Pinning Down Section 22 of the Expropriations Act – Giving Notice of IA
Read time: 3-4 minutes
Section 22 of the Expropriations Act imposes a critical limitation period – Claimants must provide the authority with written notice of injurious affection (“IA”) one year after the damage was sustained or after it became known. If not, compensation claims for injurious affection are “forever barred.” This is strong language for legislation designed to make property owners whole. At some point, however, a line in the sand must be drawn.
A plain reading of section 22 outlines three key points: (1) notice must be given in writing; (2) notice must be given one year after the damage was sustained; (3) if notice was not given within one year after the damage was sustained, notice may also be provided after damages became “known” to the person – this is the elusive “discoverability” principle.
When does a Claimant know, or when should they know, they have an IA claim? Even if we follow the general principle in Grooscors v. Ottawa,  92 L.C.R. 117 (O.M.B.), that s. 22 is triggered when the Claimant has “knowledge of the loss” as opposed to knowledge of the quantum of the loss, it is always difficult pinning down an exact date.
Do (or should) Claimants have knowledge of their loss:
- Within one year after delivery of the Notice of Expropriation where property is taken?
- When they receive a Section 25 offer and the authority’s appraisal report attributes amounts for injurious affection?
- When the “reasonable person” ought to have known of the first instance of a claim?
- When the project construction starts?
- When the project allegedly causing IA is completed?
- When the Claimant suspects that maybe a project is impacting its business?
- When the loss is quantified by an expert who provides their professional analysis that damages were actually incurred and caused by the construction/expropriation project?
- When a business accountant calculates a loss on year-end financial statements?
The case law has been generous to Claimants who have valid and un-vexatious compensation claims for IA, and this is appropriate. In Willies Car & Van Wash Ltd. v. Simcoe (County) 2015, L.C.R. 39, OMB (upheld on appeal), the OMB noted that it is not reasonable to delay giving notice until after the full amount of the loss is calculated. Instead, the Board found that s. 22 notice was due one year after the Claimant knew that a road closure was the alleged cause of its income losses – the Board held that notice was due, at the latest, 12 months after a road closure was finalized and losses began to mount. The Board also noted that “the Claimant is also required to act diligently to inform itself of any loss giving rise to a claim.”
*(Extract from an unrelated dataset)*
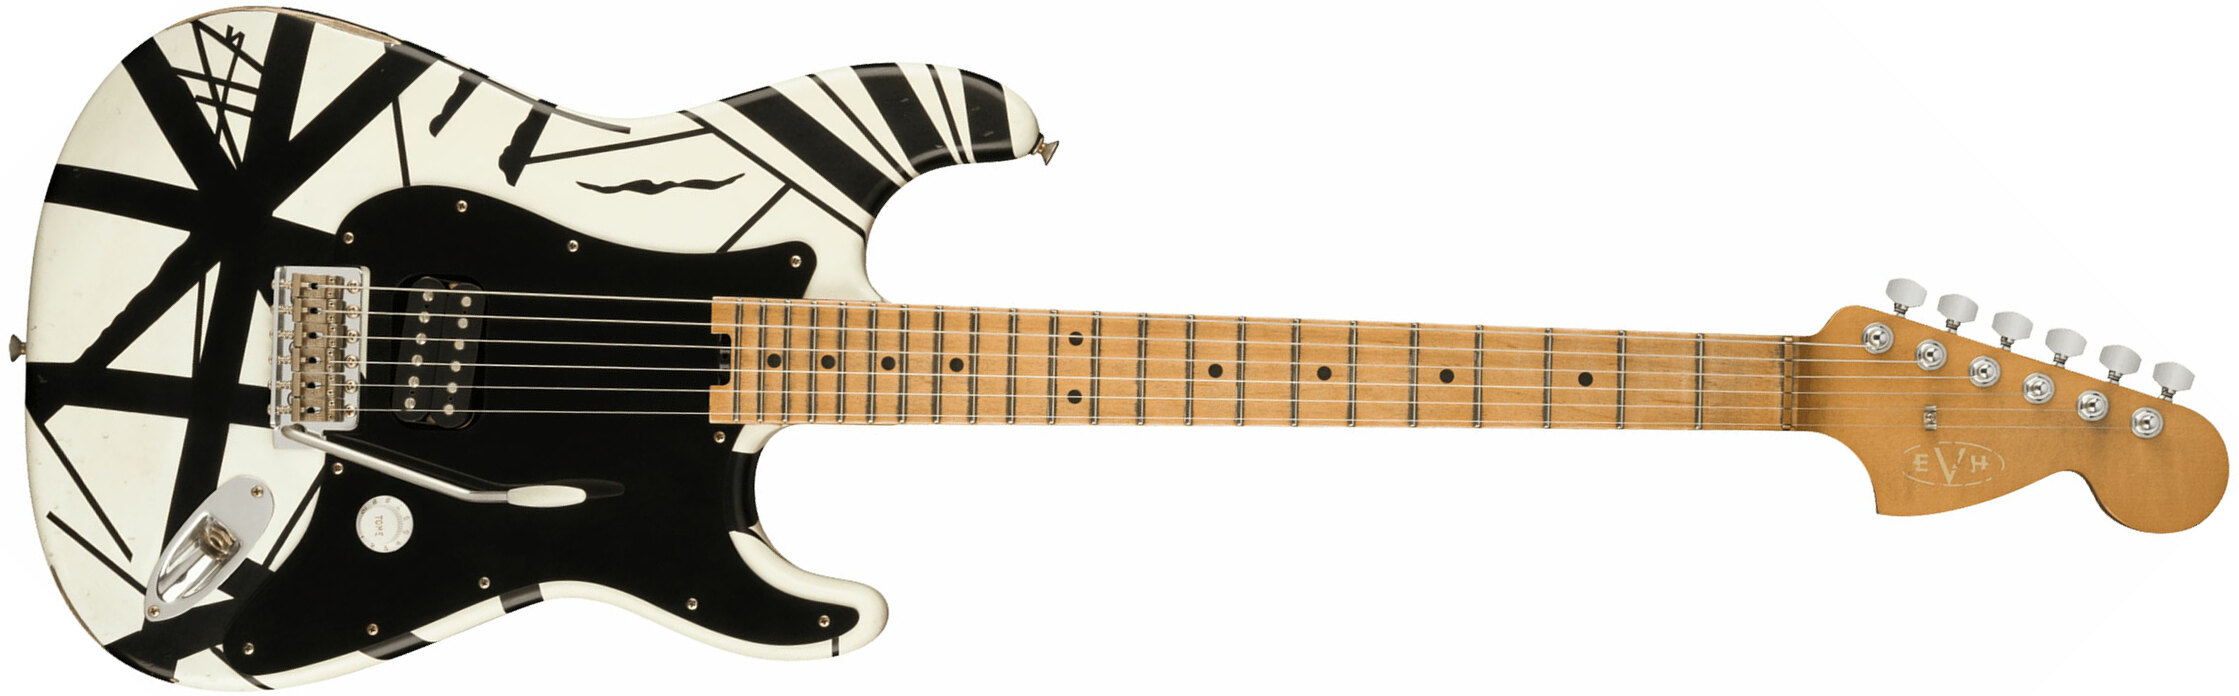 Evh '78 Eruption Striped Series Mex H Trem Mn - White With Black Stripes Relic - Elektrische gitaar in Str-vorm - Main picture

Section 22 seems to provide two possible pegs for notice: one year after damage was sustained, or one year when damage became known to the Claimant. The more generous limitation period seems to expire when damage becomes known and not one year after damage was sustained – arguably, it is possible to sustain damage without knowledge of that damage. In my experience, many prospective Claimants are also unaware of limitation periods and receive misinformation that compensation for IA is insurmountable, further delaying notice.
Authorities can successfully bar IA claims with helpful facts; they need not wait until the final hearing to bring a motion to strike to the OMB. A Rule 21 or summary-judgment type motion could be brought under Rule 34 of the OMB Rules of Practice and Procedure striking out the claim as statute-barred or for lack of jurisdiction. If the Claimant is a sophisticated party with access to legal counsel, had previous negotiations or made inquiries to the authority regarding construction impacts early on in the project, was situate in a heavy construction zone or should have truly known a project was impacting its business, the OMB might find that they knew or ought to have known of their claim sooner than the last possible date.
For losses spanning across several years, the authority could bring a motion striking out claims for years that Claimants failed to provide s. 22 notice. Section 38 of the Ontario Municipal Board Act provides that powers of the Superior Court of Justice are exercisable by the Board, which should permit a motion striking the claim in its early stages.
However, in partial taking scenarios, IA claims for business damages can also be validly and distinctly claimed as disturbance damages under s.13(2)(b) and s.18. There is no statutory requirement to give the authority notice of disturbance damages where there is a taking. However, the ultimate 15-year limitation period set out in the Limitations Act would apply.
It is best practice to give notice of IA as soon as possible to preserve the rights of the property owner, until claims are further particularized and more information becomes known.